Lawyers who don't want to produce information or documents that the other side has requested often accuse them of engaging in a "fishing expedition."

Indeed, "fishing expedition" is the cliche of choice under these circumstances. Over the years, countless litigants have invoked the phrase and countless judges have adopted it as a metaphor to describe the problem of discovery run amok.

The phrase should be sent off to enjoy its long overdue retirement .... and perhaps enjoy a little angling.

This is so for at least two reasons.

First, the metaphor is inapt. Fishing does not involve an indiscriminate effort to see if there is anything anywhere in the lake. To the contrary, it requires a studied understanding of what one wants to catch, where one might find it, and how one might get it on the line.

Second, the metaphor reflects a misunderstaning of the law. In fact, the modern discovery rules give litigants substantial latitude to test the waters with less than perfect precision.

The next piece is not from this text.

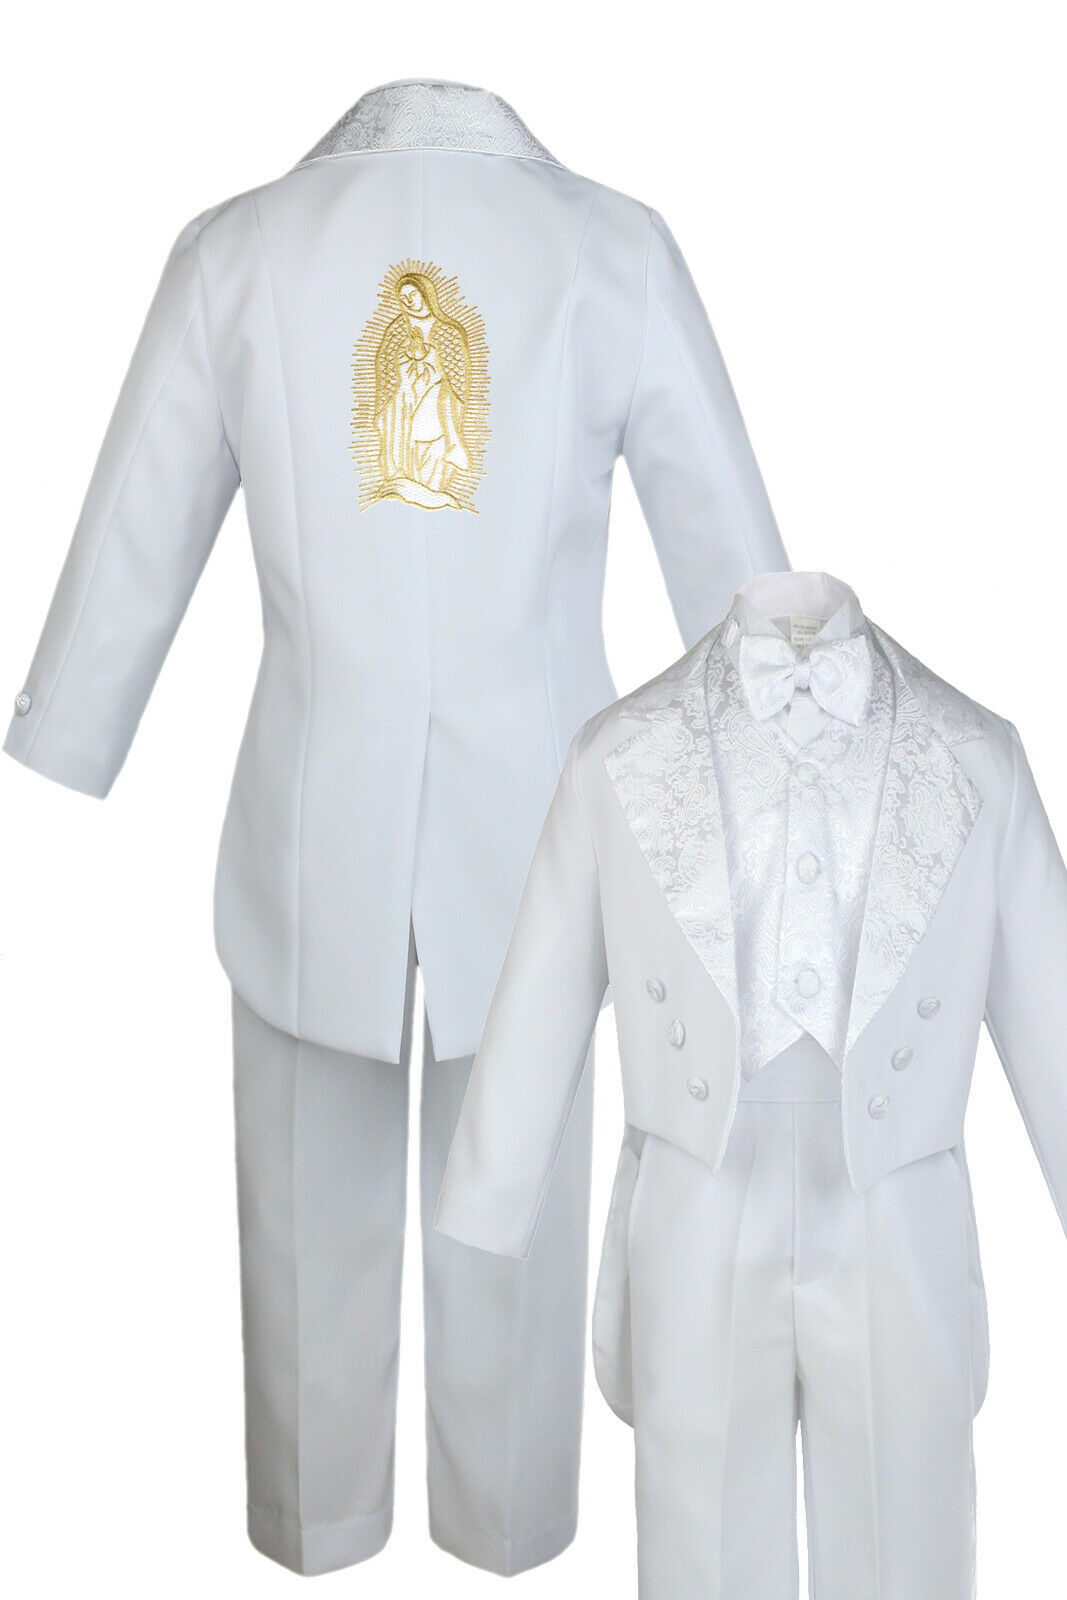 Hermosala New White Christening Virgin Mary Baptism Tuxedo Suit Baby Toddler Boy
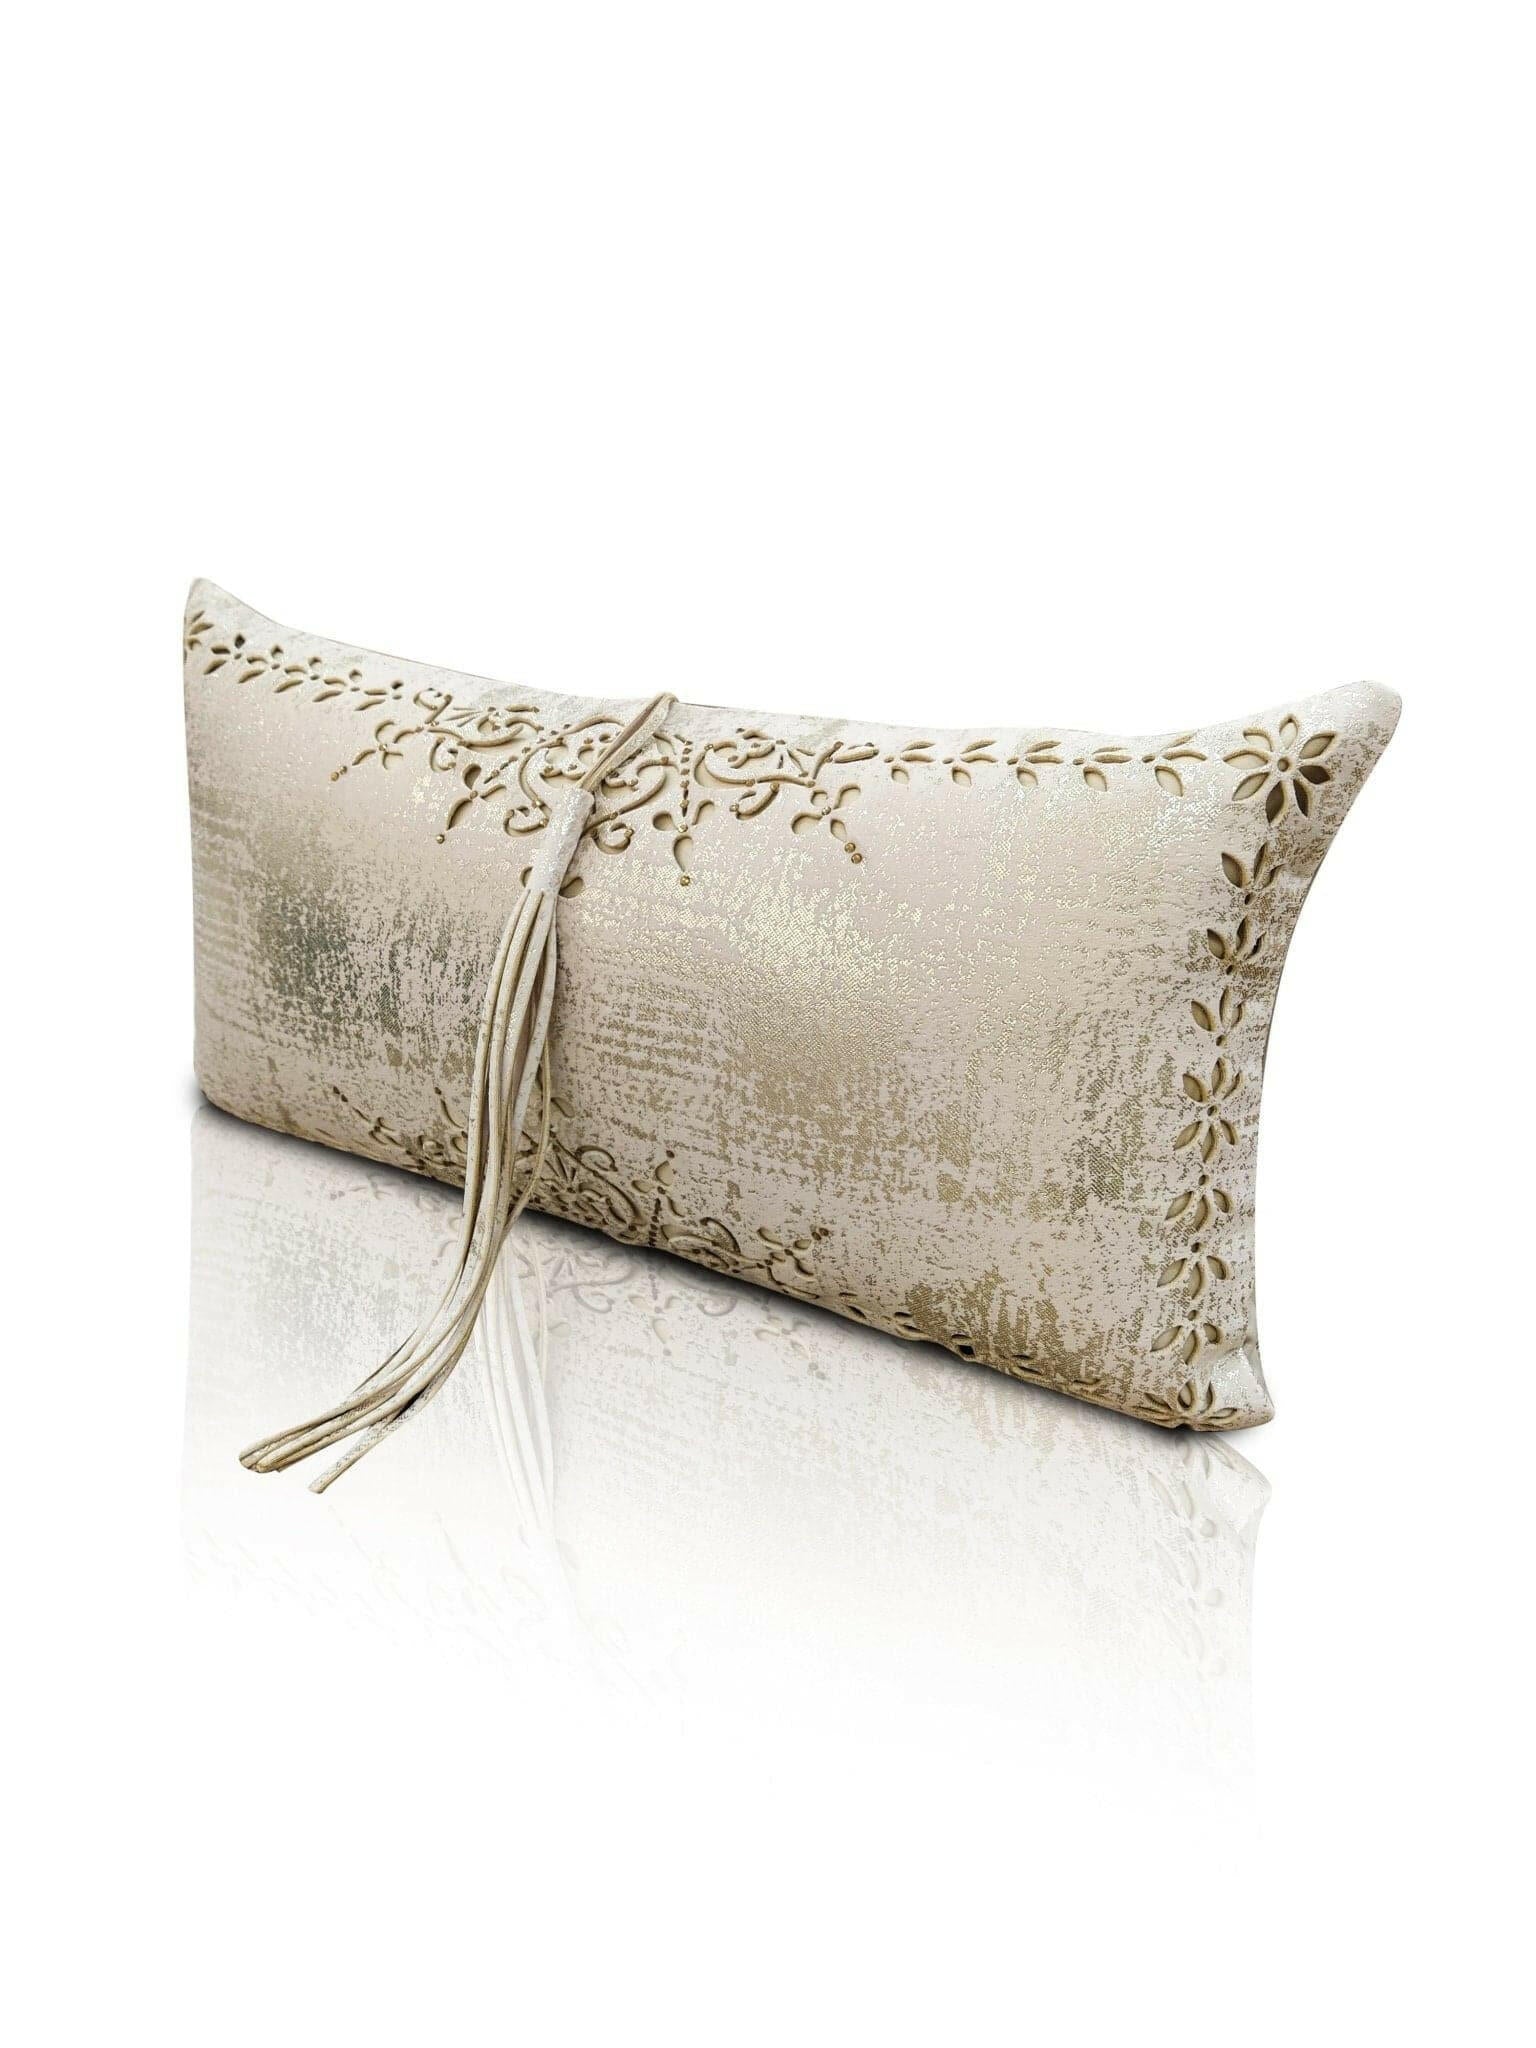 Damask Cushion Cover - Creative Home Designs Pillowcases, Turkish Throw Pillows & Shams, Gold Color Cut Out Sham With Diamonds,CC-CH-DMSK-E-1S1R,CC-CH-DMSK-E-2S,CC-CH-DMSK-E-2R,CC-CH-DMSK-E-2S1R

But don't take my word for it. The United States Supreme Court said as much in Hickman v. Taylor (1947), where it observed this about discovery under the federal rules of civil procedure: "No longer can the time-honored cry of 'fishing expedition' serve to preclude a party from inquiring into the facts underlying his opponent's case."

That was more than sixty years ago. The news does not appear to have reached many lawyers and judges.

Perhaps they were off fishing when the word came down.